• Directions: Please retype the listing below word for word and exclude its images.

• Source material:

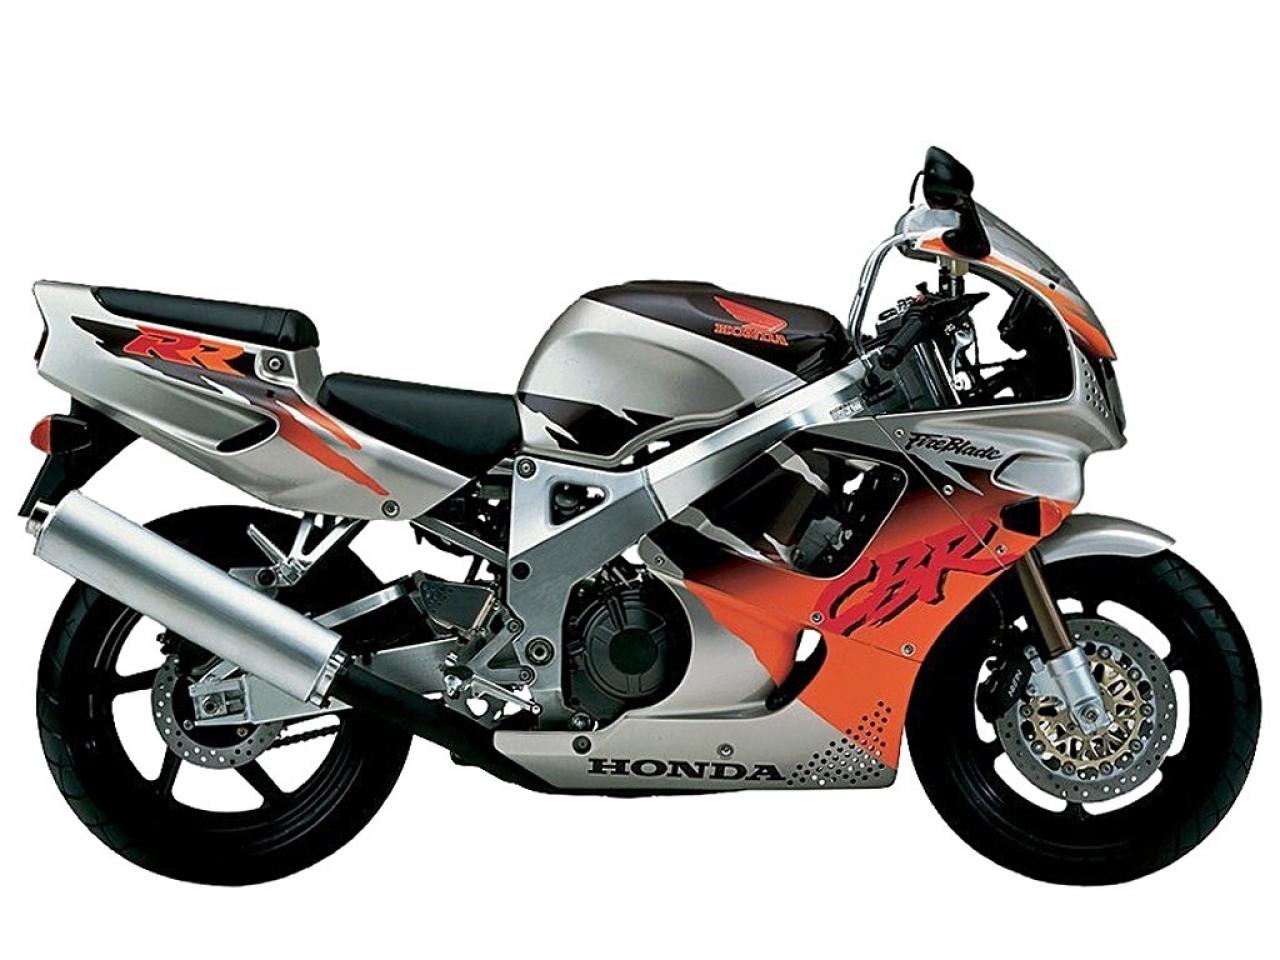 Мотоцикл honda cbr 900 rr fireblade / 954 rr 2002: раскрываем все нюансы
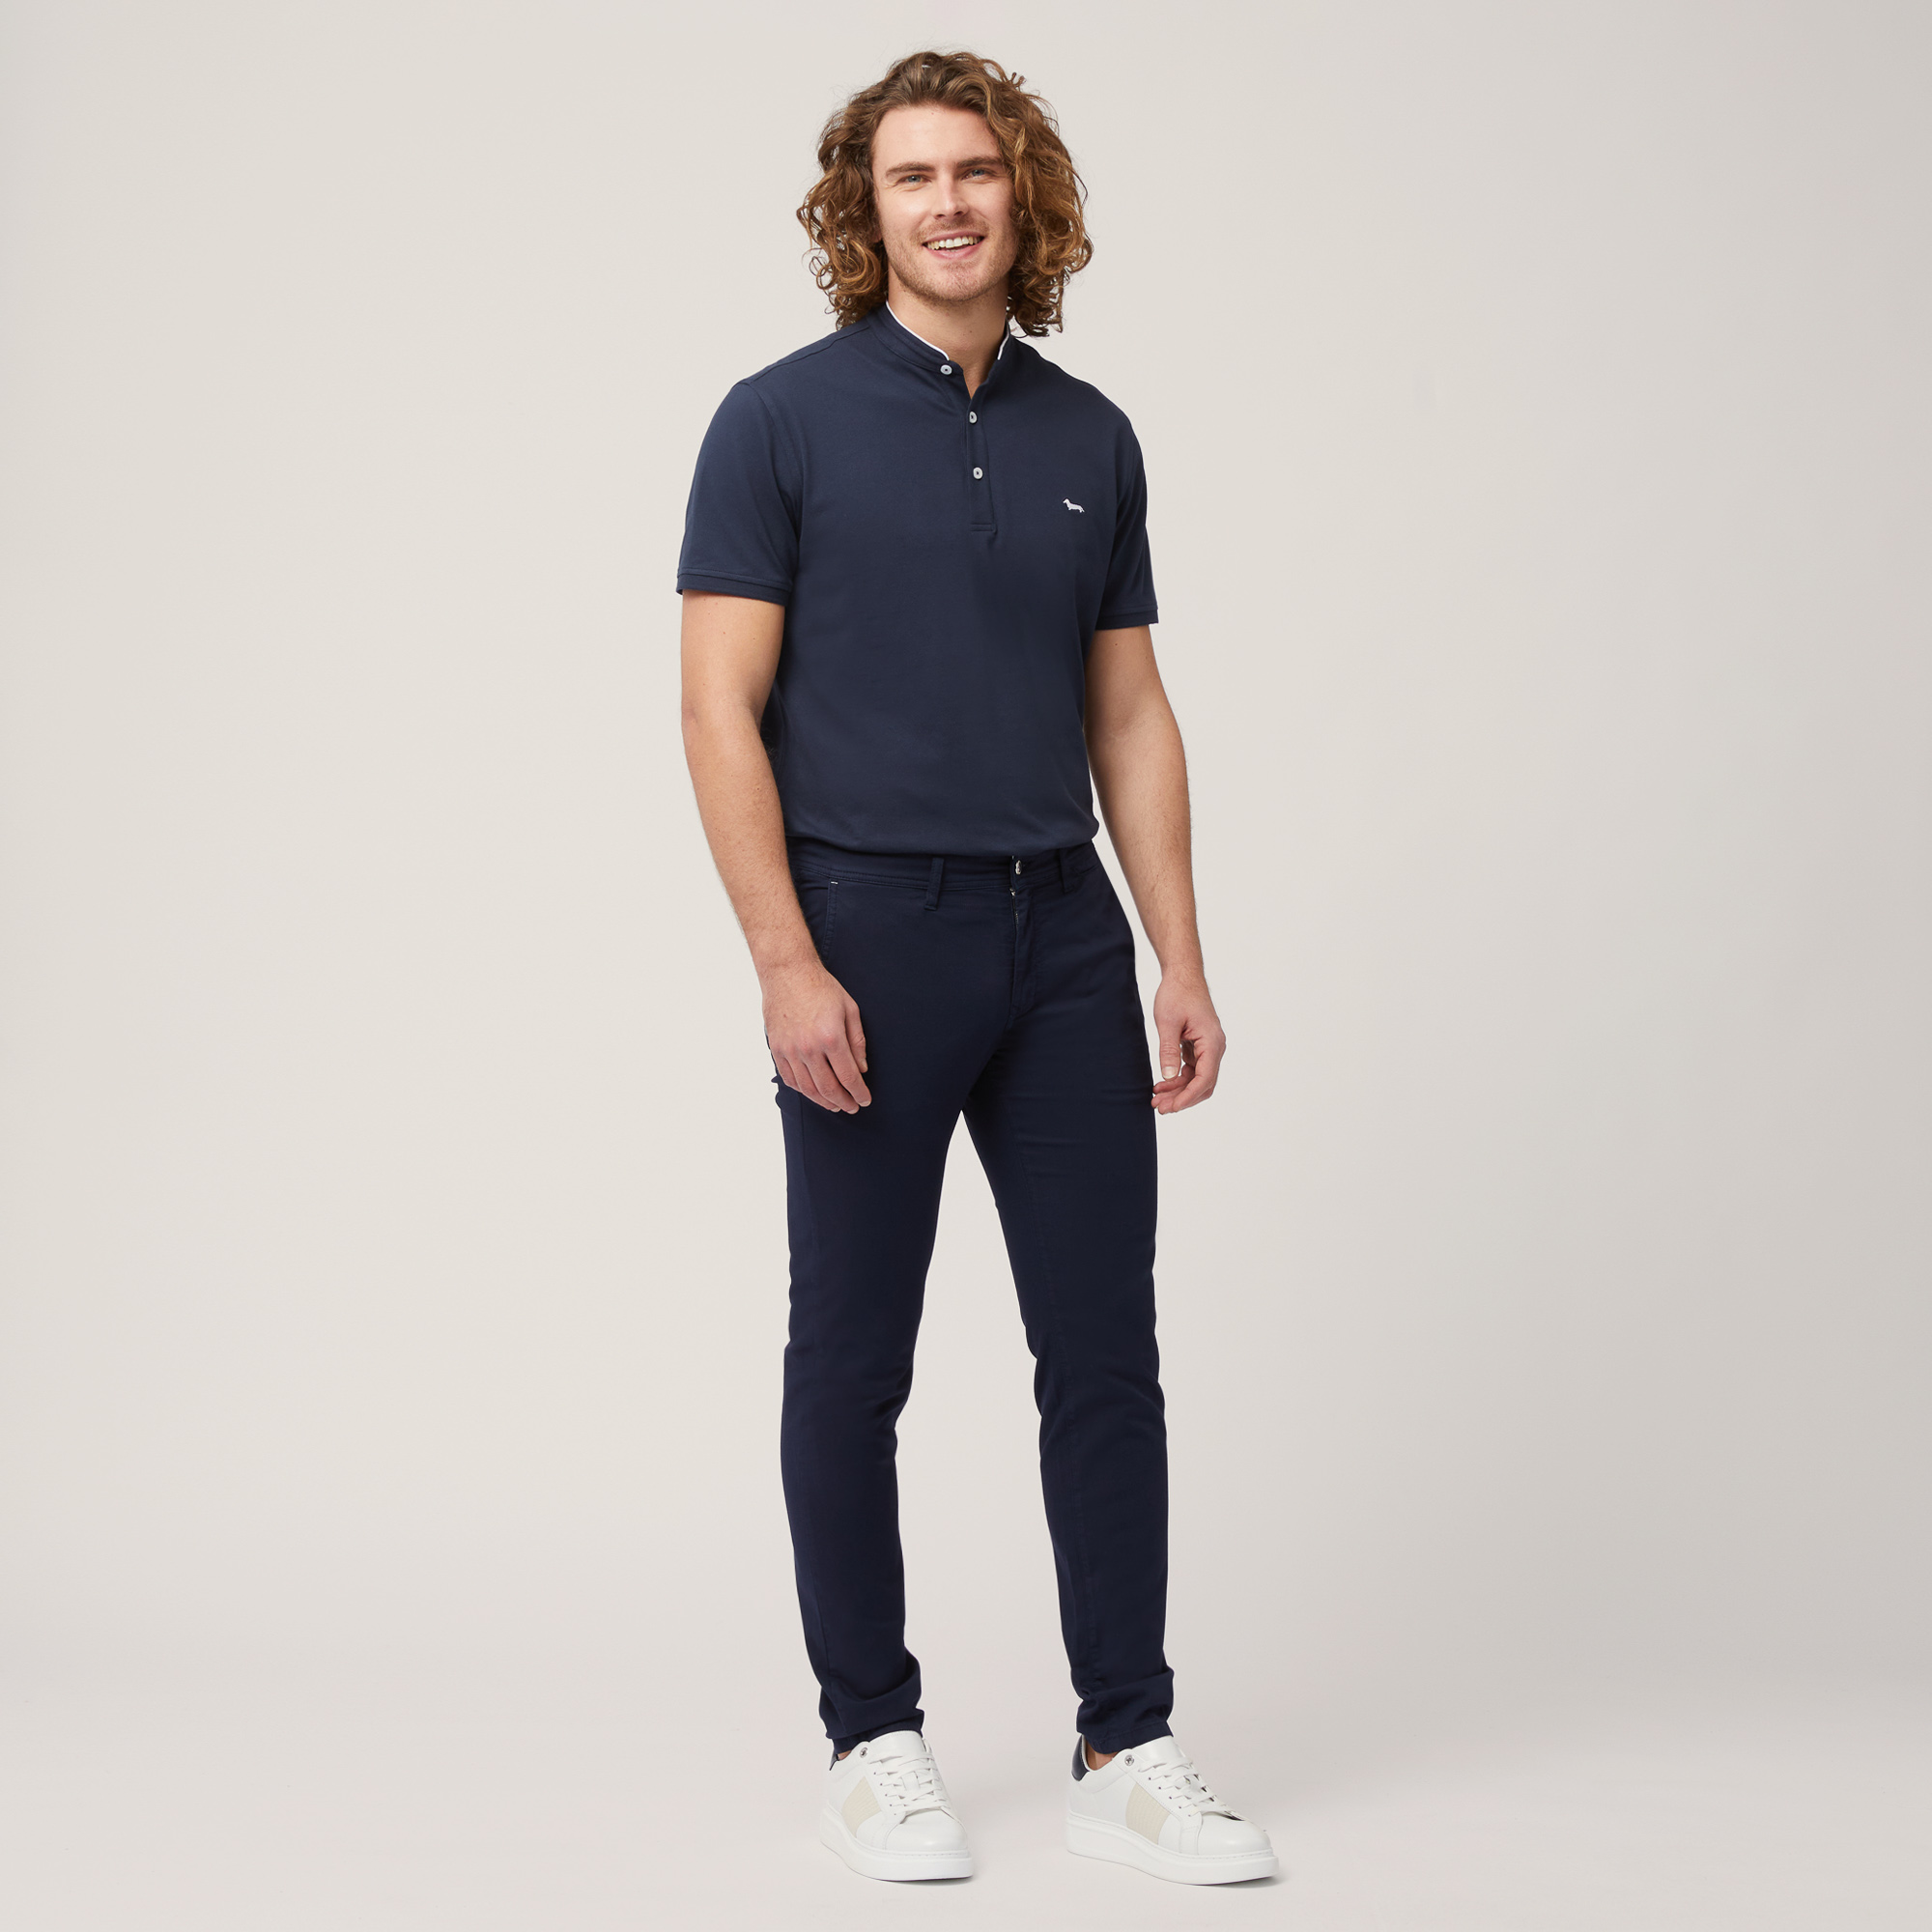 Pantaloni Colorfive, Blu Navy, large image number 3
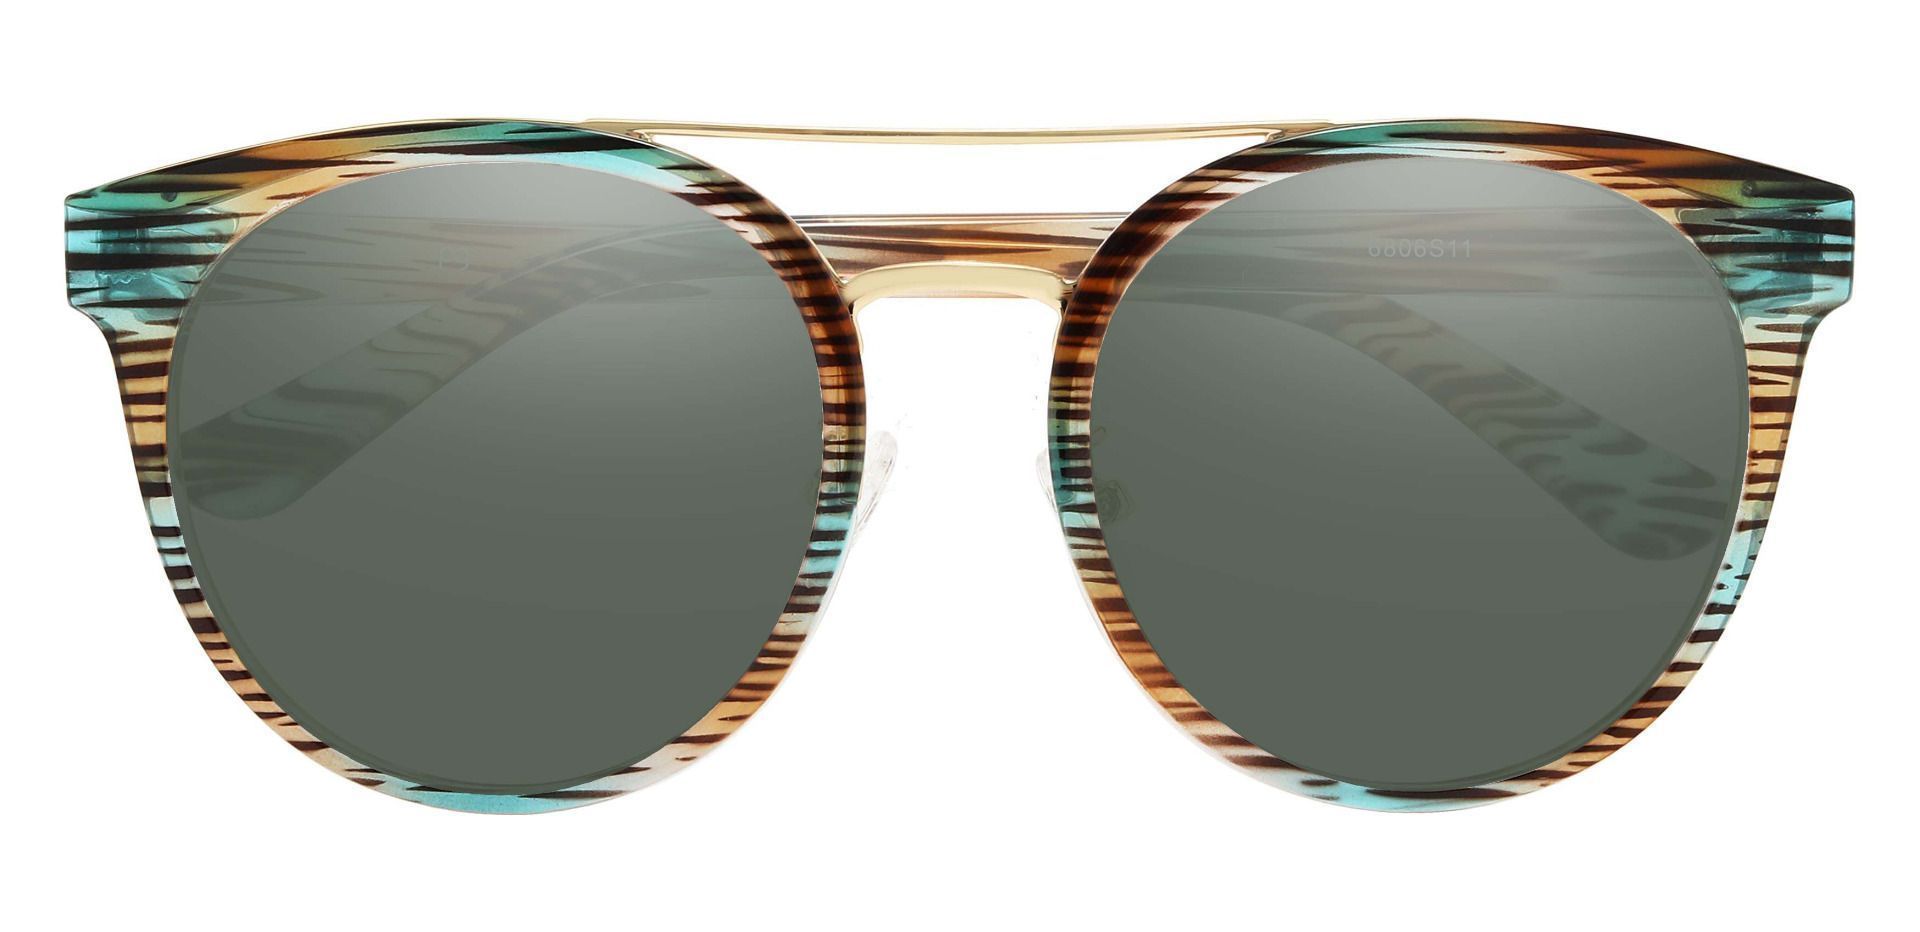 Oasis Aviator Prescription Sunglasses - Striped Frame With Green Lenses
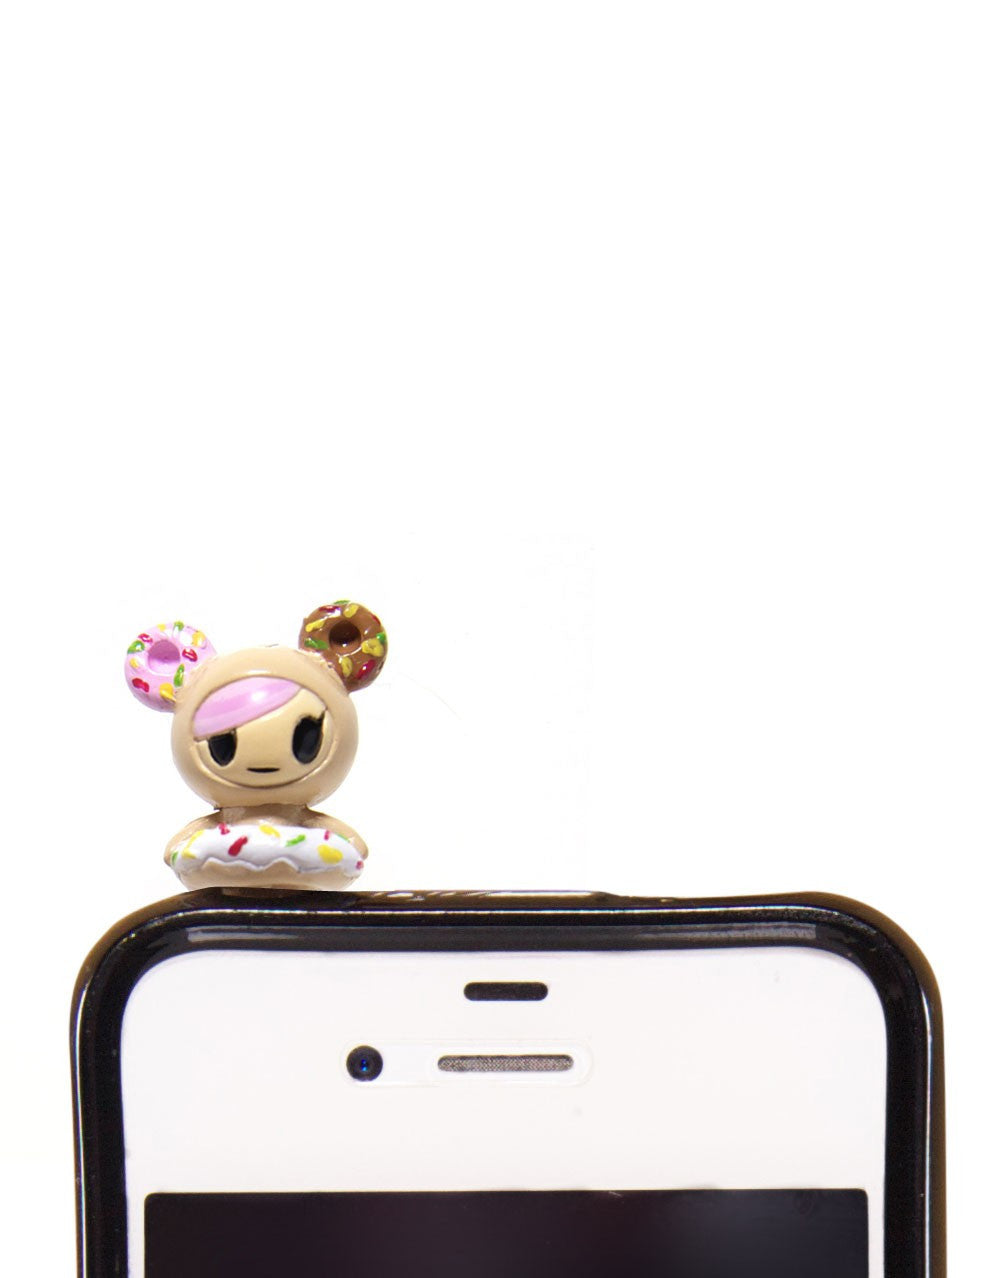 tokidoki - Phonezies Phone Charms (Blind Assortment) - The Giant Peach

• Result of this task:
 Мотоцикл honda cbr 900 rr fireblade / 954 rr 2002: раскрываем все нюансы
 Pantaloni Colorfive, Blu Navy, large image number 3
 Oasis Aviator Prescription Sunglasses - Striped Frame With Green Lenses
 tokidoki - Phonezies Phone Charms (Blind Assortment) - The Giant Peach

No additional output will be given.